Certaines d’entre elles ont été saluées par "les vrais acteurs" comme Hyppolite Girardot qui donne la réplique à Emmanuelle Béart dans Manon des Sources !
"Je pense que ces vidéos ont fait du bien aux gens qui étaient confinés qui avaient beaucoup moins accès à la culture, au théâtre, au cinéma. Je pense aussi à ceux qui était tout seul chez eux. Cela a permis d’avoir la possibilité de rire de cette situation. Une sorte d’exutoire.
Les Creustel déconfinés vont continuer à nous faire rire, ils produiront un détournement inédit dans l’émission "Je t’aime etc" de Daphné Burki.
3 questions à Dominique Wolton, directeur de la revue internationale Hermès (CNRS), Directeur de recherche au CNRS en sciences de la communication.
►Comment expliquer la profusion des vidéos qui ont été partagées sur les réseaux sociaux pendant le confinement ?
Je pense que ces vidéos sont une manière de se réapproprier la réalité. Les nouvelles étaient mauvaises, angoissantes. L’humour a été un moyen d’introduire de la distanciation. L’invention est un court-circuit ! Dans cette situation angoissante face à ce déferlement d’informations de toute nature et souvent contradictoires, la création de petites scénettes plus ou moins drôles ou intelligentes ont été un moyen de se réapproprier la réalité en disant, « on ne fait pas que subir. On est aussi acteur ».
►Les vidéos ont elles été un moyen de se montrer d’être vu, et de poursuivre des relations sociales inexistantes en raison du confinement ?
En effet ! Premièrement, cela signifie, j’existe. Deuxièmement, cela signifie également comme je l’ai dit précédemment que l’on peut faire autre chose que subir et le virus et les informations. Même enfermés, nous avons la capacité d’inventer, de créer, de « se décaler » et engendrer d’autres relations sociales. C’est un échappatoire.

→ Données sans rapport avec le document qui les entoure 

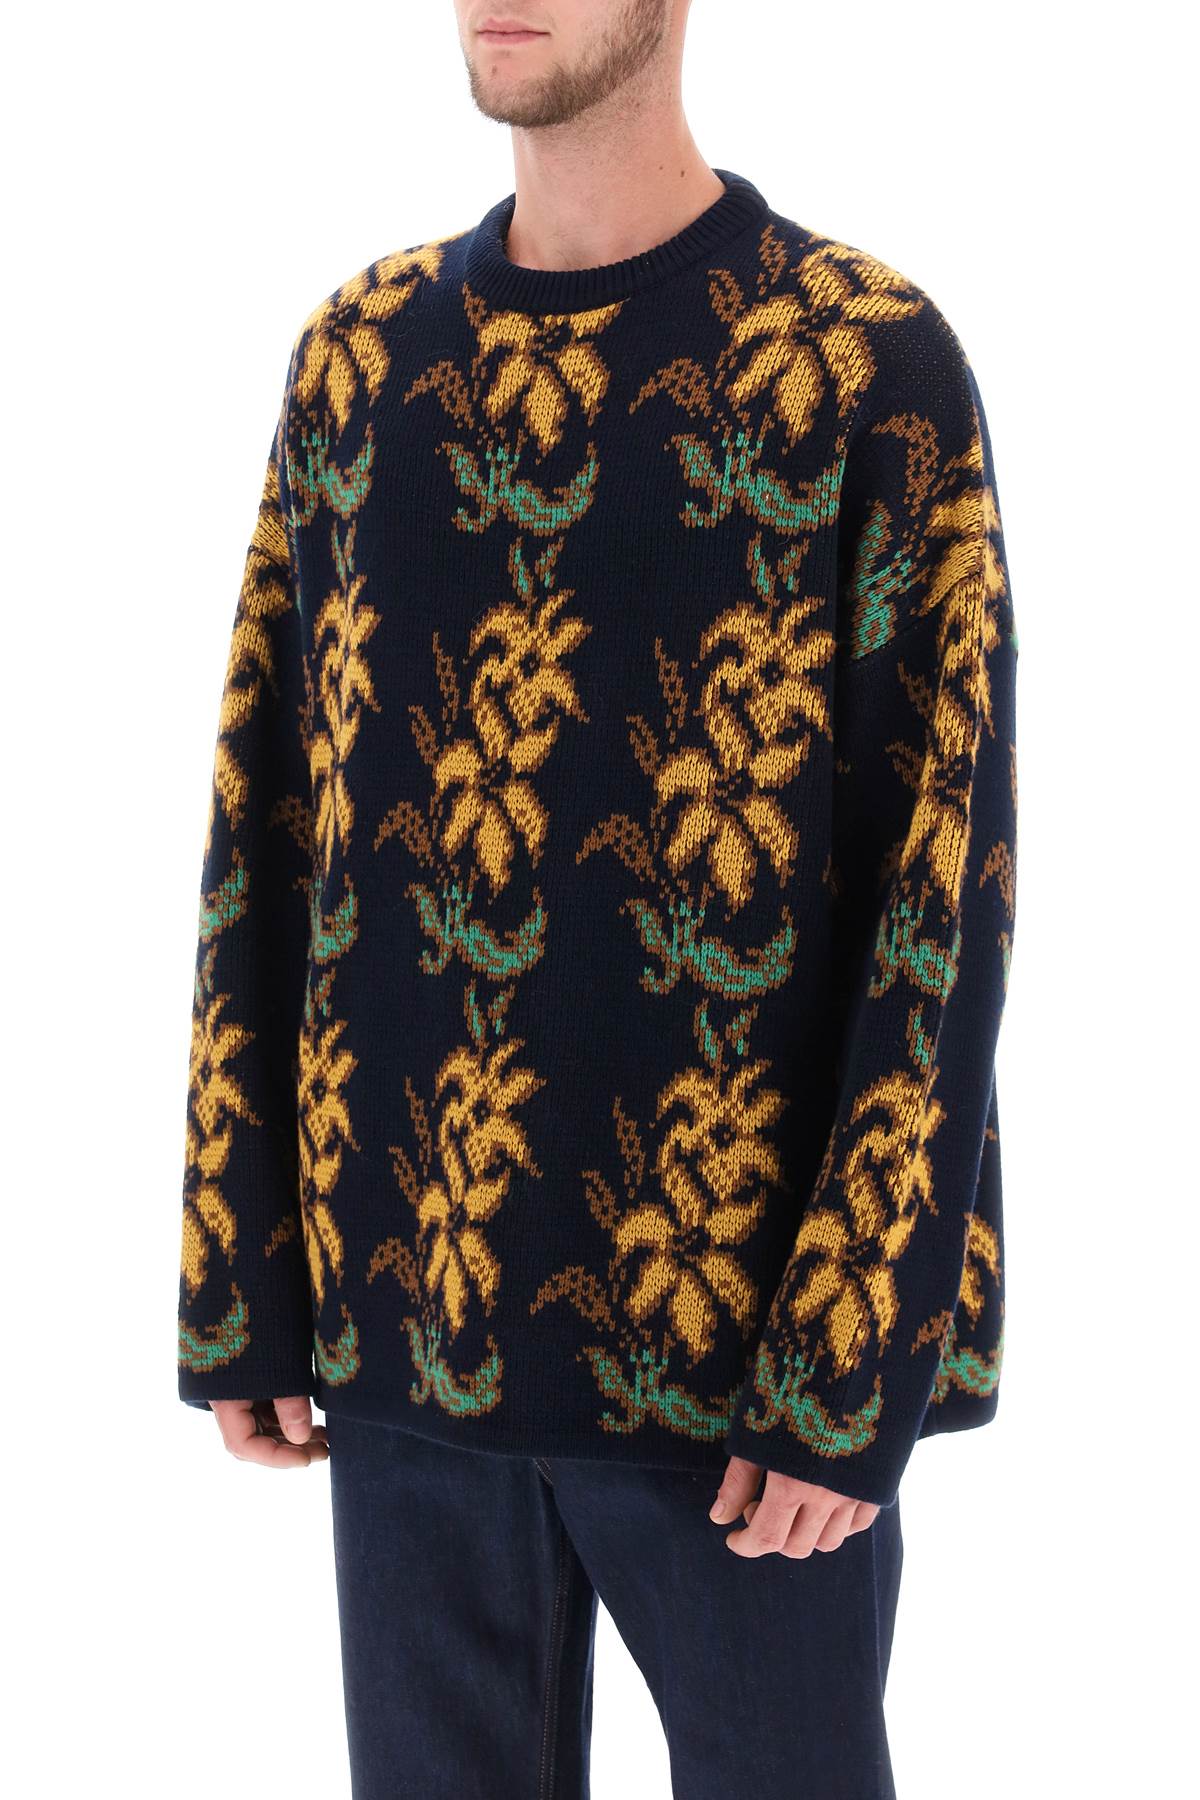 Etro sweater with floral pattern-3
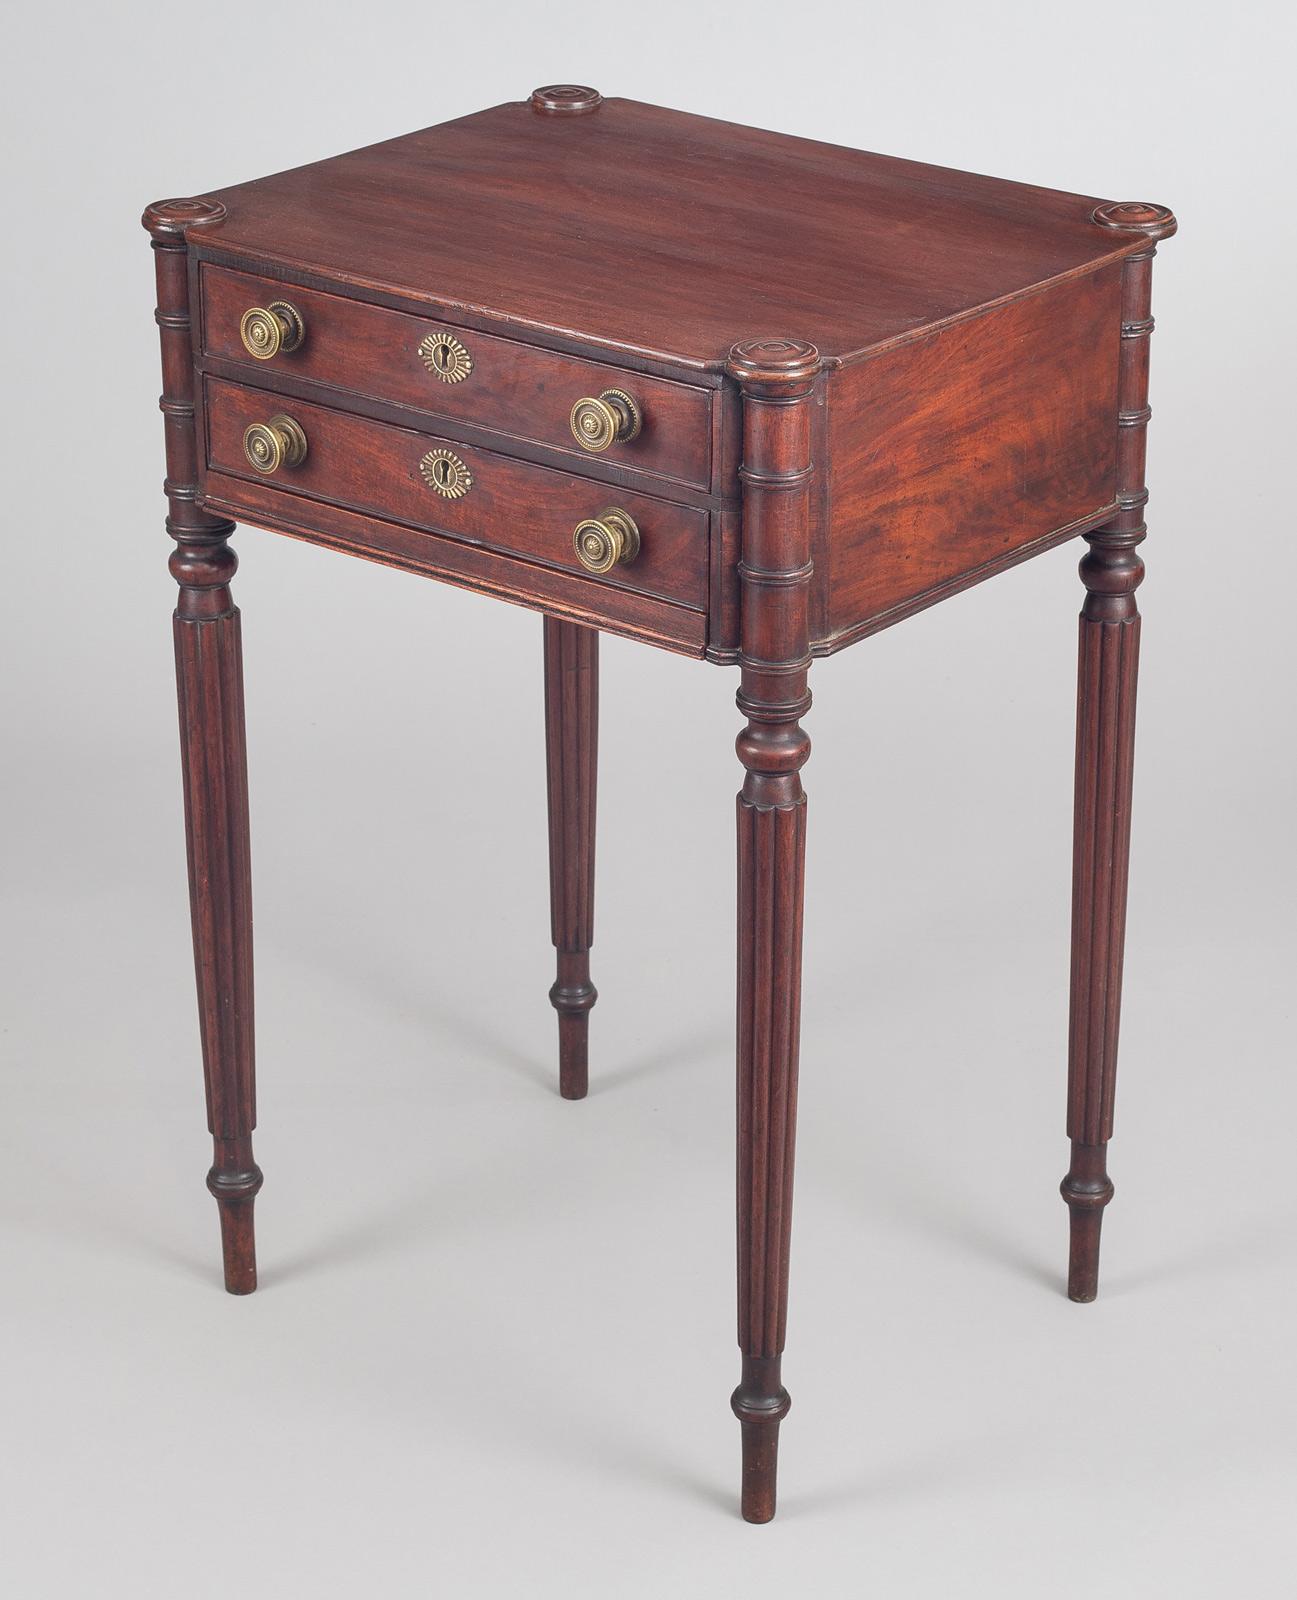 American, Federal, Sheraton mahogany work table, Salem, Massachusetts, with two cock-beaded drawers, the top drawer with compartments, ring turned turret corners, ending in finely reeded tapered legs. Paper label on the back reads: T.G.Buckley, 690

L’humour comme rempart au désespoir ?
Oui, l’humour est l'un des remparts au désespoir. Au-delà de la situation actuelle, dans les régimes totalitaires, je dis souvent qu’il faut étudier les formes d’humour. Quand il n’y a plus de libertés publiques comme dans les dictatures, l’esprit critique se manifeste par l’humour. C’est très important de prendre en compte les mille formes de résistance et de créativité qui s’expriment.